Table of Contents
Fetching ...

Incrementally Learning Multiple Diverse Data Domains via Multi-Source Dynamic Expansion Model

Runqing Wu, Fei Ye, Qihe Liu, Guoxi Huang, Jinyu Guo, Rongyao Hu

TL;DR

This work tackles multi-domain continual learning by introducing MSDEM, a framework that leverages multiple pre-trained Vision Transformer backbones to form dynamic experts for new tasks. It introduces two key components: Dynamic Expandable Attention Mechanism (DEAM) that selectively gates knowledge from backbones for each task, and Dynamic Graph Weight Router (DGWR) that reuses prior experts through a learnable graph router to maximize transfer while mitigating forgetting. Through experiments on cross-domain datasets, MSDEM achieves state-of-the-art average performance with fewer parameters than competitive baselines, demonstrating strong generalization across domain shifts and class increments. The approach offers a practical pathway to scalable, efficient continual learning in heterogeneous data environments by reusing diverse, pre-trained knowledge sources and adapting only task-specific modules.

Abstract

Continual Learning seeks to develop a model capable of incrementally assimilating new information while retaining prior knowledge. However, current research predominantly addresses a straightforward learning context, wherein all data samples originate from a singular data domain. This paper shifts focus to a more complex and realistic learning environment, characterized by data samples sourced from multiple distinct domains. We tackle this intricate learning challenge by introducing a novel methodology, termed the Multi-Source Dynamic Expansion Model (MSDEM), which leverages various pre-trained models as backbones and progressively establishes new experts based on them to adapt to emerging tasks. Additionally, we propose an innovative dynamic expandable attention mechanism designed to selectively harness knowledge from multiple backbones, thereby accelerating the new task learning. Moreover, we introduce a dynamic graph weight router that strategically reuses all previously acquired parameters and representations for new task learning, maximizing the positive knowledge transfer effect, which further improves generalization performance. We conduct a comprehensive series of experiments, and the empirical findings indicate that our proposed approach achieves state-of-the-art performance.

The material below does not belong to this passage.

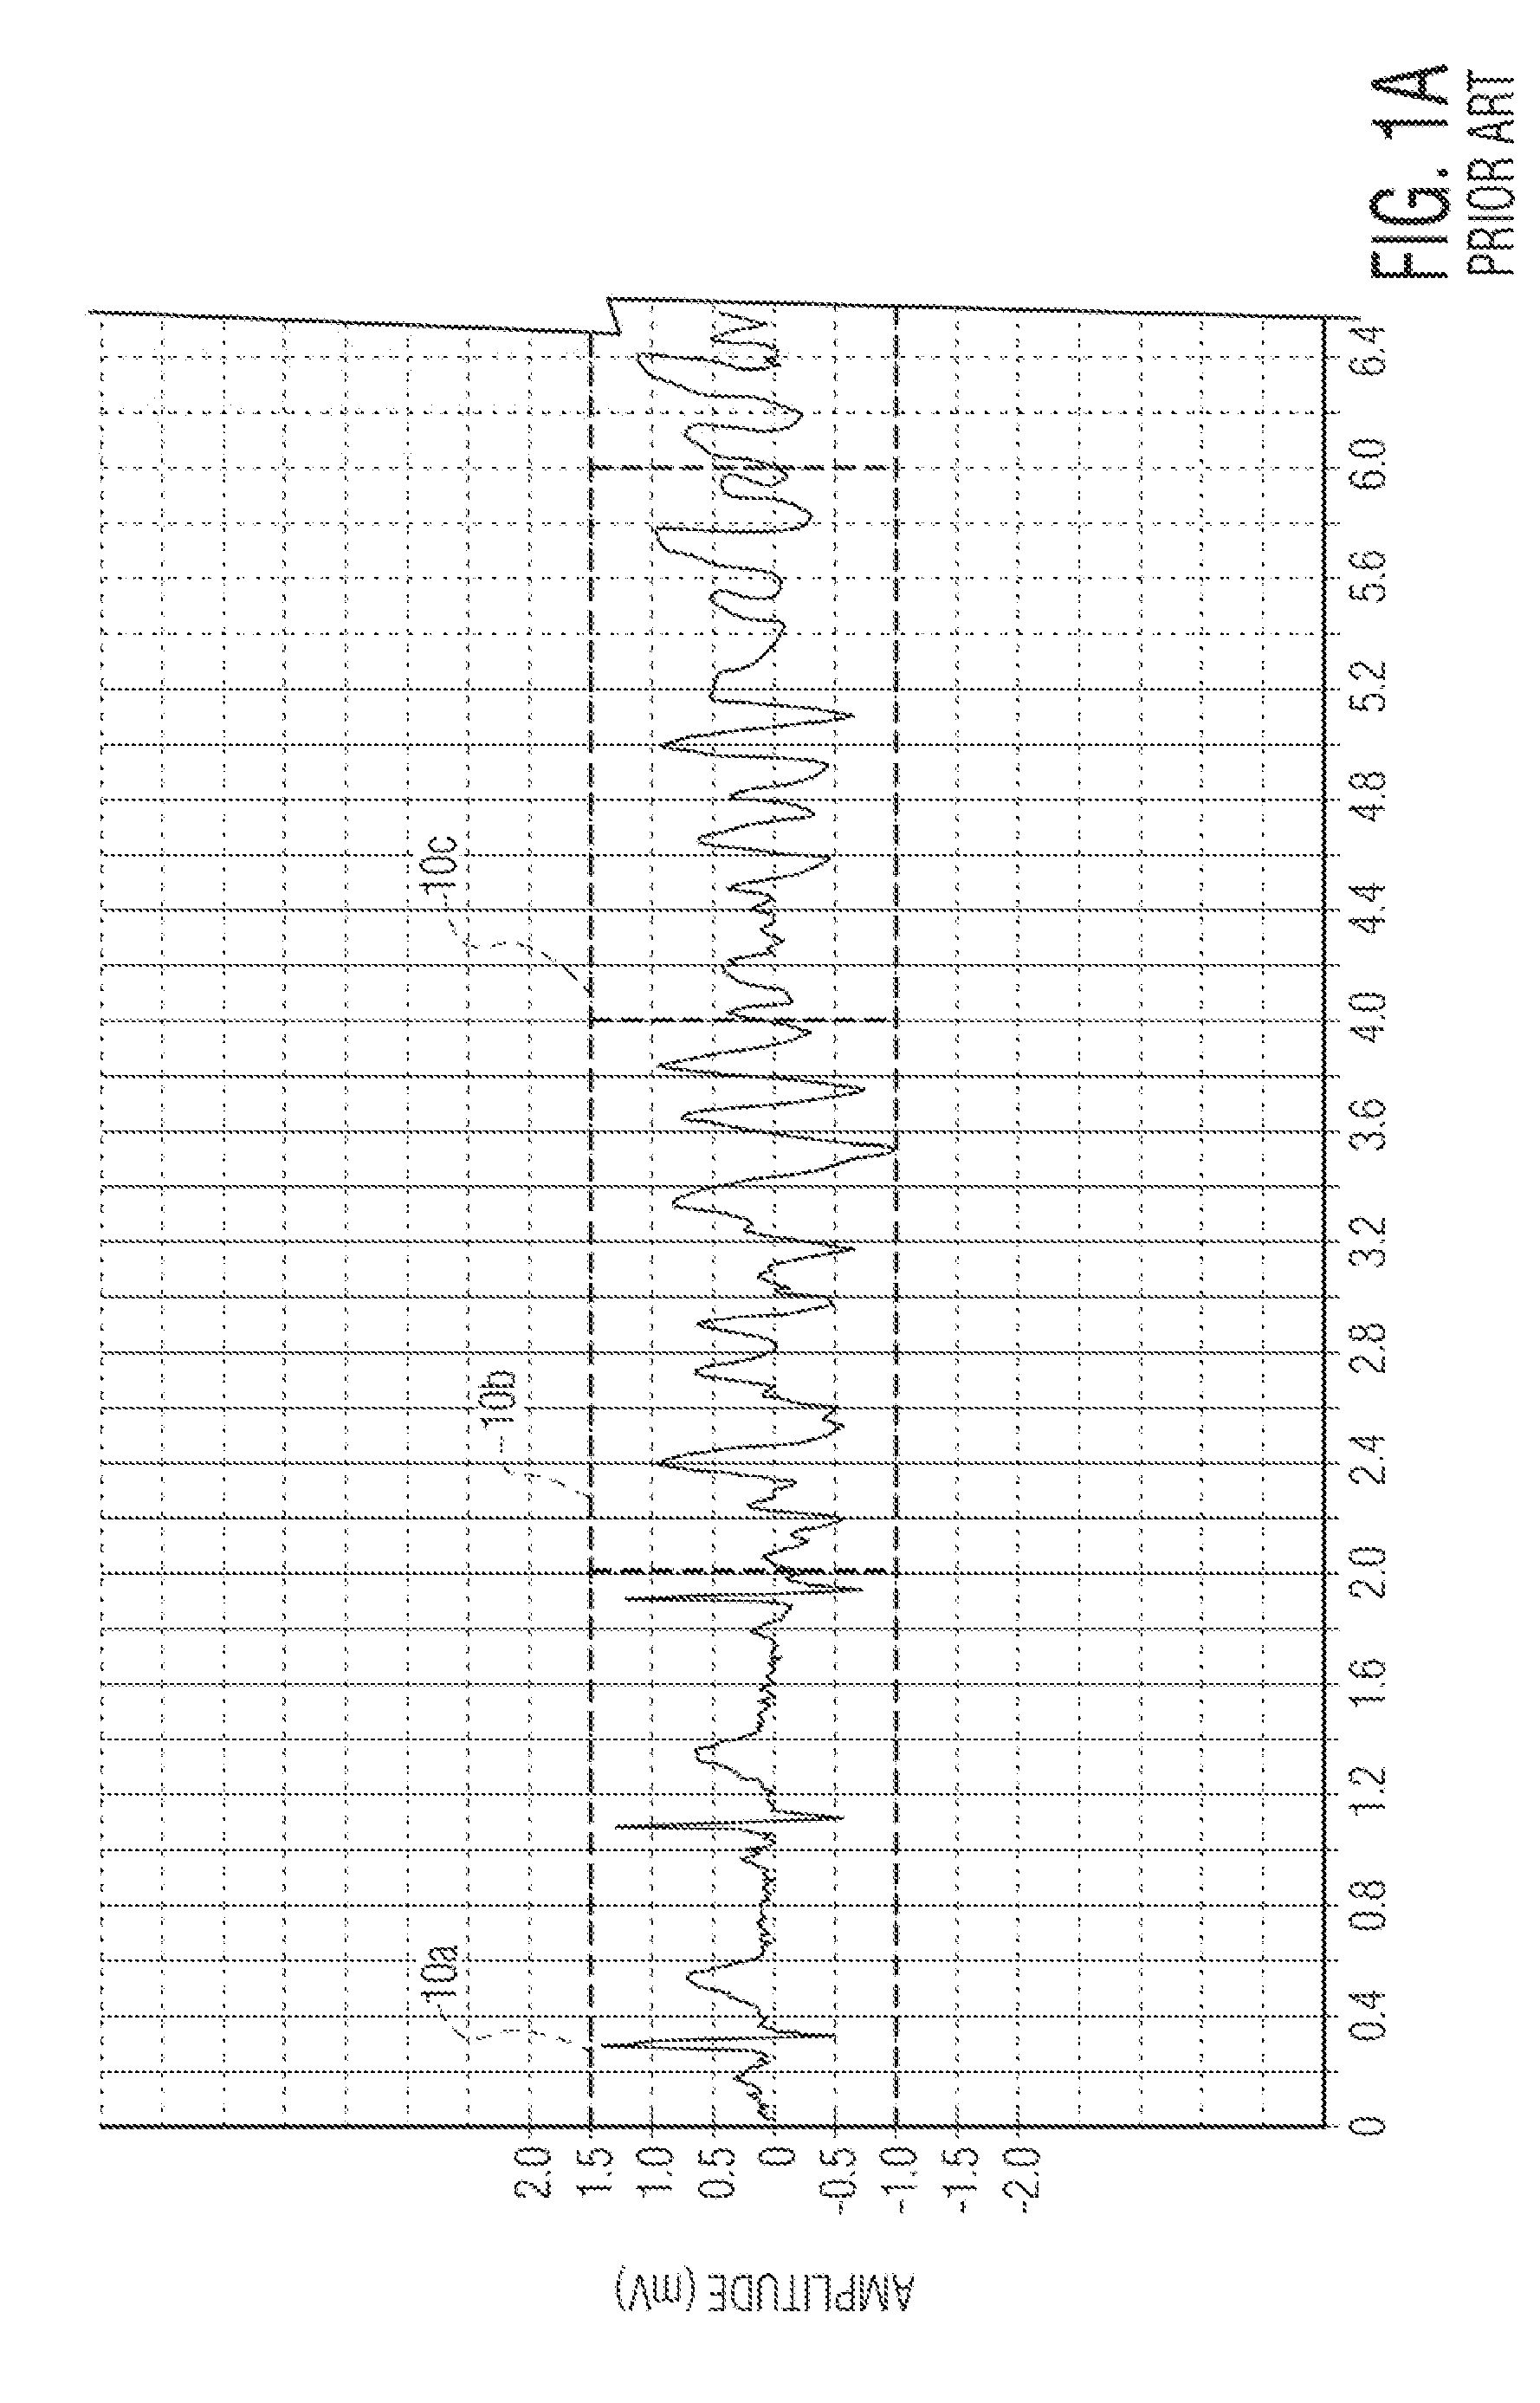 Circuit and method for analyzing a patient's heart function using overlapping analysis windows

Incrementally Learning Multiple Diverse Data Domains via Multi-Source Dynamic Expansion Model

TL;DR

This work tackles multi-domain continual learning by introducing MSDEM, a framework that leverages multiple pre-trained Vision Transformer backbones to form dynamic experts for new tasks. It introduces two key components: Dynamic Expandable Attention Mechanism (DEAM) that selectively gates knowledge from backbones for each task, and Dynamic Graph Weight Router (DGWR) that reuses prior experts through a learnable graph router to maximize transfer while mitigating forgetting. Through experiments on cross-domain datasets, MSDEM achieves state-of-the-art average performance with fewer parameters than competitive baselines, demonstrating strong generalization across domain shifts and class increments. The approach offers a practical pathway to scalable, efficient continual learning in heterogeneous data environments by reusing diverse, pre-trained knowledge sources and adapting only task-specific modules.

Abstract

Continual Learning seeks to develop a model capable of incrementally assimilating new information while retaining prior knowledge. However, current research predominantly addresses a straightforward learning context, wherein all data samples originate from a singular data domain. This paper shifts focus to a more complex and realistic learning environment, characterized by data samples sourced from multiple distinct domains. We tackle this intricate learning challenge by introducing a novel methodology, termed the Multi-Source Dynamic Expansion Model (MSDEM), which leverages various pre-trained models as backbones and progressively establishes new experts based on them to adapt to emerging tasks. Additionally, we propose an innovative dynamic expandable attention mechanism designed to selectively harness knowledge from multiple backbones, thereby accelerating the new task learning. Moreover, we introduce a dynamic graph weight router that strategically reuses all previously acquired parameters and representations for new task learning, maximizing the positive knowledge transfer effect, which further improves generalization performance. We conduct a comprehensive series of experiments, and the empirical findings indicate that our proposed approach achieves state-of-the-art performance.
Paper Structure (13 sections, 11 equations, 4 figures, 3 tables, 1 algorithm)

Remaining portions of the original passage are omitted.